Neither of these procedures has slowed the growth of cases or the time taken to resolve them. Arbitration has been included in the OECD model convention (2007) and as an option in the UN model (2011). Over 200 actual treaties, including some with developing countries, now have some version of arbitration. A key issue is who can trigger arbitration. Under four of the developing country treaties the taxpayer can compel arbitration if the competent authorities cannot agree, as in the OECD model. The other treaties require the consent of either one or both competent authorities. However, developing countries have had few MAP cases, and most have rejected compulsory arbitration. Their experience with international investment arbitrations, some of which have involved tax matters, has been discouraging.
Causes and solutions
Most disputes concern the allocation of profits of TNCs, and the growth has occurred as enforcement of transfer pricing rules has strengthened. Developing countries have been introducing transfer pricing rules and are now improving enforcement. So TNCs fear there will be more disputes. This fear may be justified, since the OECD Transfer Pricing Guidelines are complex and do not provide clarity. They require tax officials to identify the functions performed by each part of the TNC, by analysing its business model. This requires specialised knowledge and involves discretionary and subjective judgements.
India saw a rapid rise in disputes after it introduced transfer pricing regulations based on the OECD Guidelines in 2001. By 2012 had a backlog of over 3,000 tax tribunal cases. India does not publish MAP data, but a conflict between the US and Indian competent authorities became public, leading to the replacement of the Indian official in 2013. In January 2015, the two competent authorities signed a Framework Agreement intended to facilitate resolution of some 200 cases. A year later a statement said that about half had been resolved. In contrast, Brazil, which uses fixed transfer pricing margins, easy to administer but considered unorthodox by the OECD, has experienced little litigation and few MAP claims.

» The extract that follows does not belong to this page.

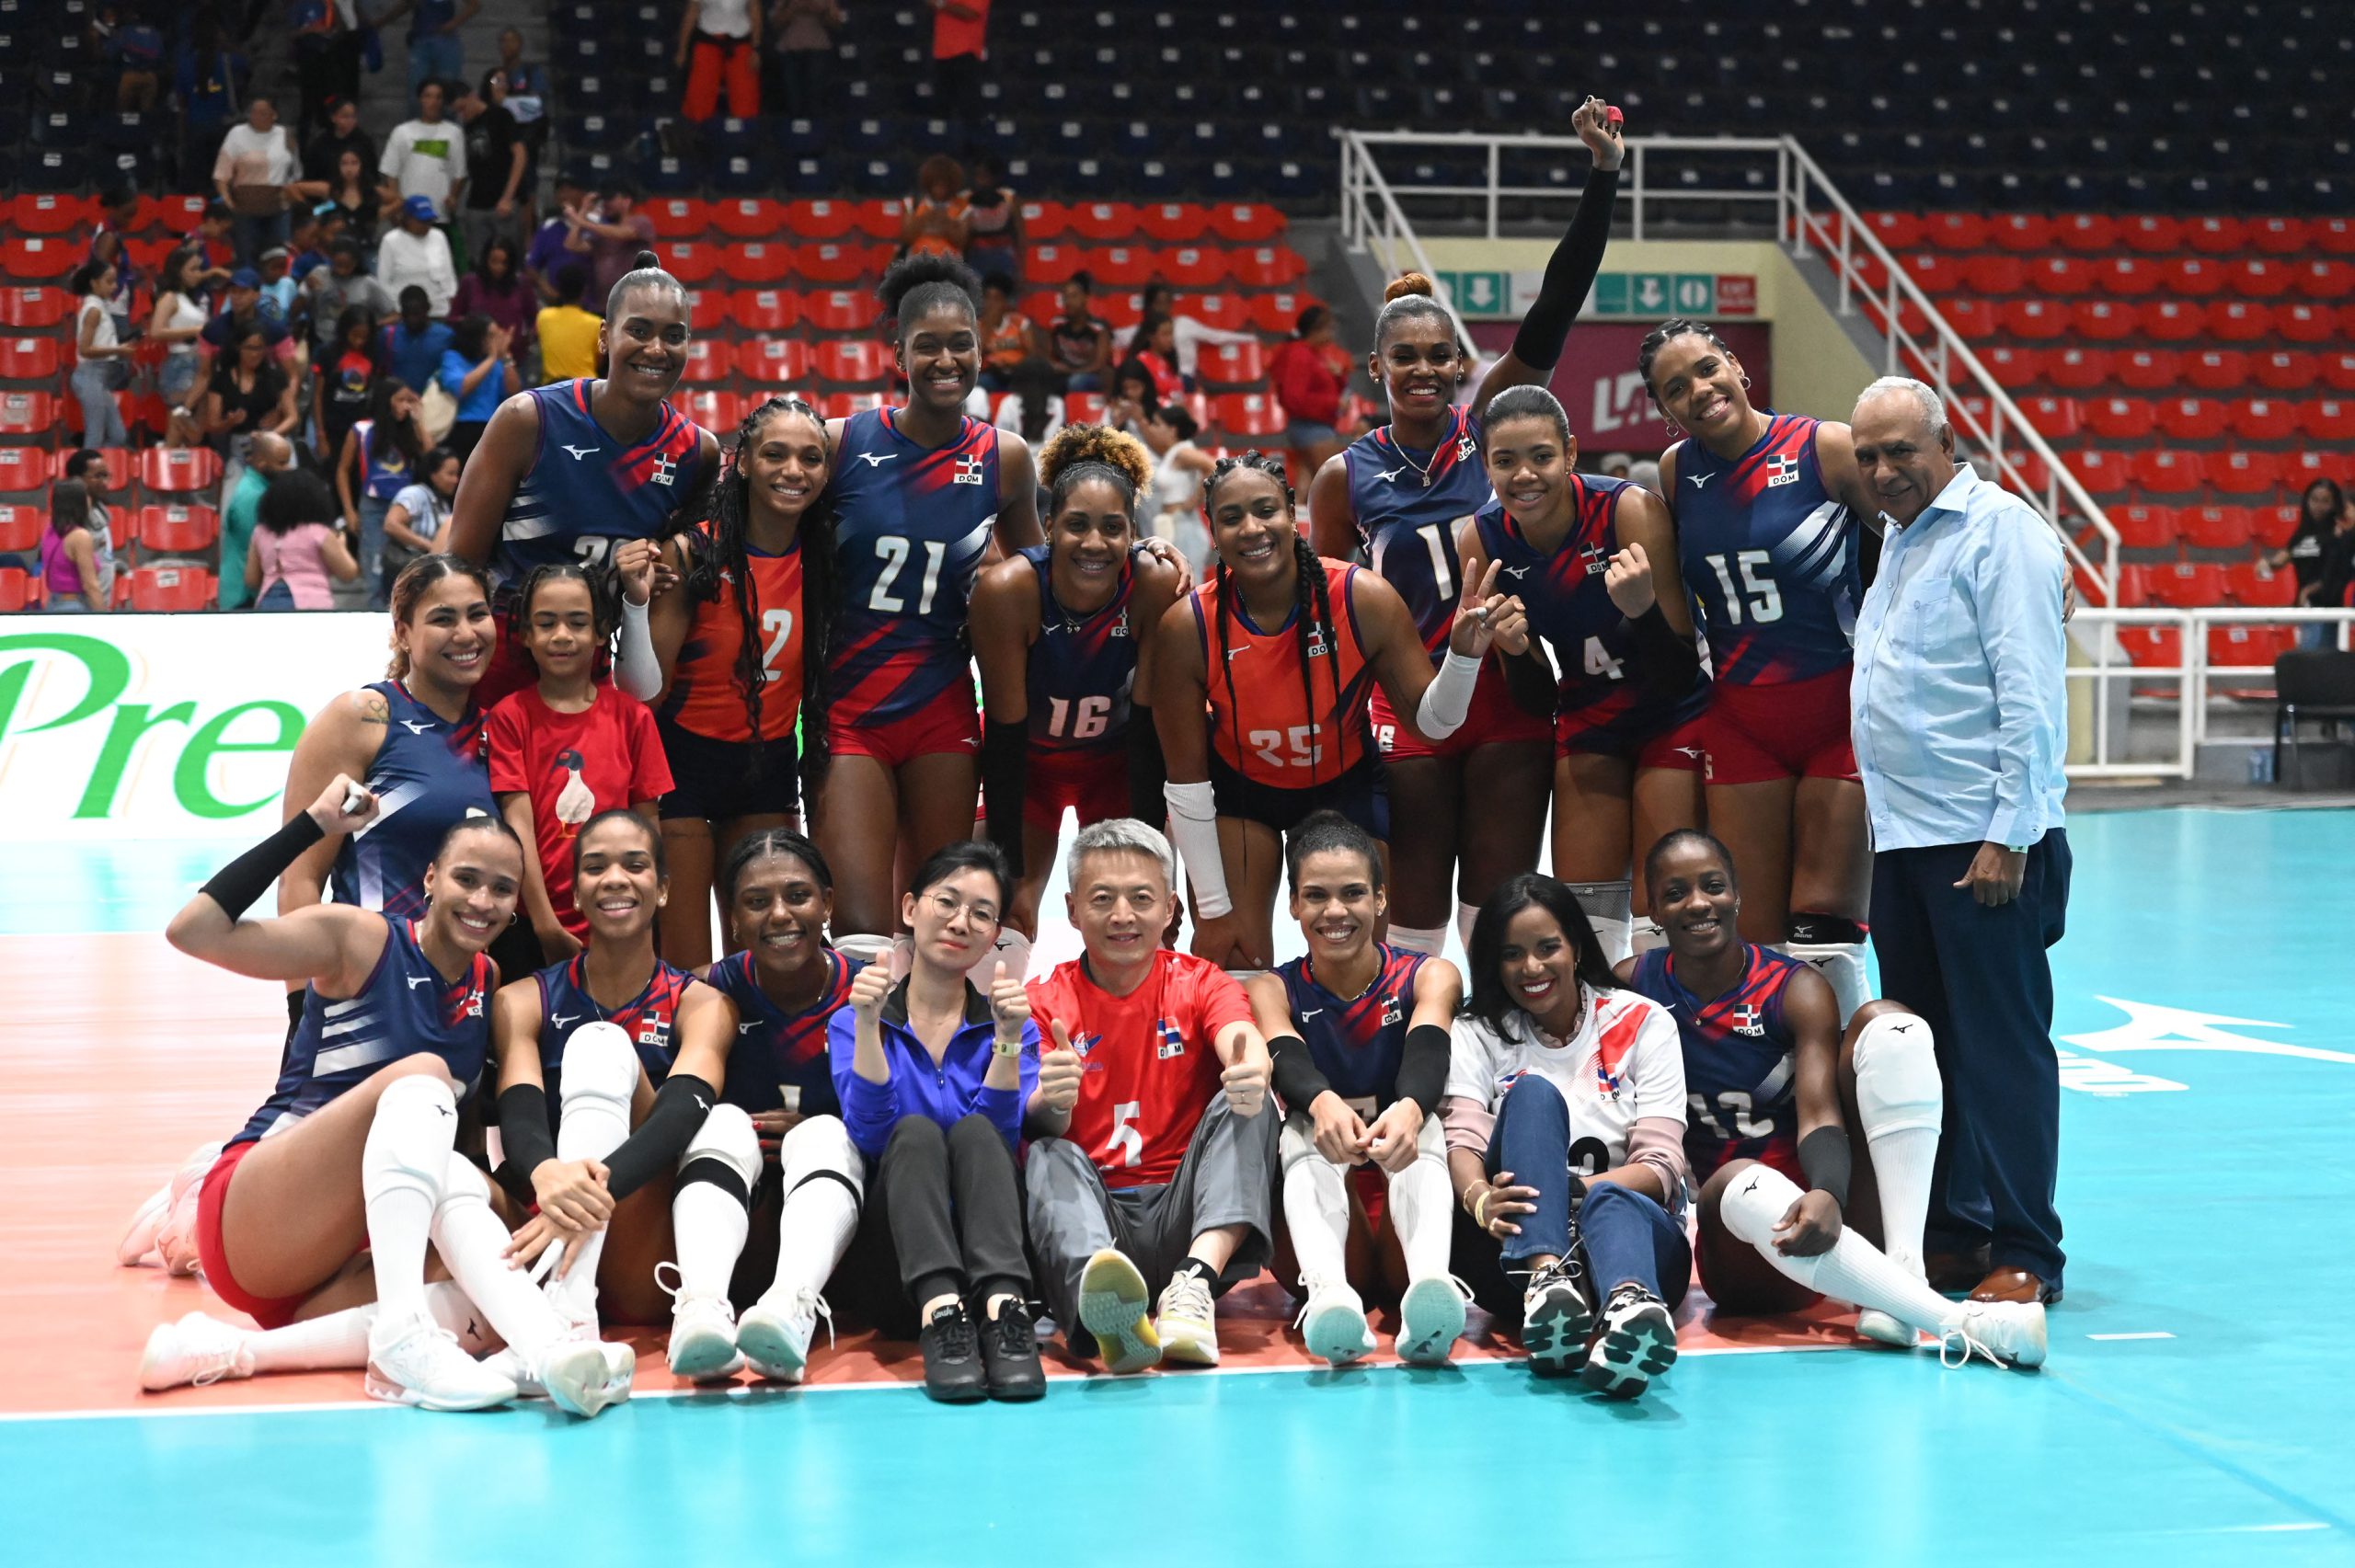 Dominican Republic wins against Cuba in electrifying match

The G20/OECD project on base erosion and profit shifting (BEPS) recommended that national tax officials dealing with the MAP should be separate from frontline tax audit staff and give autonomous decisions. This is difficult for tax authorities that are already under-resourced, especially in developing countries. The proposals are designed to strengthen the international community of specialists in the MAP. It includes the private sector tax advisers, many of whom are former public officials, and is dominated by experts from OECD countries. Arbitrators are drawn from this community, and would reject interpretations that it considers unorthodox. Monitoring through peer review would reinforce this culture, and secrecy would be retained, despite public suspicions about cosy deals.
A better way forward
The aim should be to minimise conflicts by making the rules clearer and easier to apply. The MAP should be used to agree general interpretations that can be published, dealing not only with taxpayer claims of double taxation, but also issues of double non-taxation, which are especially important in this period of change. The Framework Agreement between India and the US was successful, but could have had a greater impact if it had been published.
Further, publication of the outcomes of actual MAP cases would provide guidance for other taxpayers, help ensure that like cases are treated alike, and reassure a wider public that decisions are fair. Reforms should aim to allocate the profits of TNC groups based on clear and quantifiable factors that reflect the actual economic activities and value created in each country. This would both reduce the number of conflicts and ensure that the disputes that do occur can be adjudicated in a transparent, fair and consistent manner.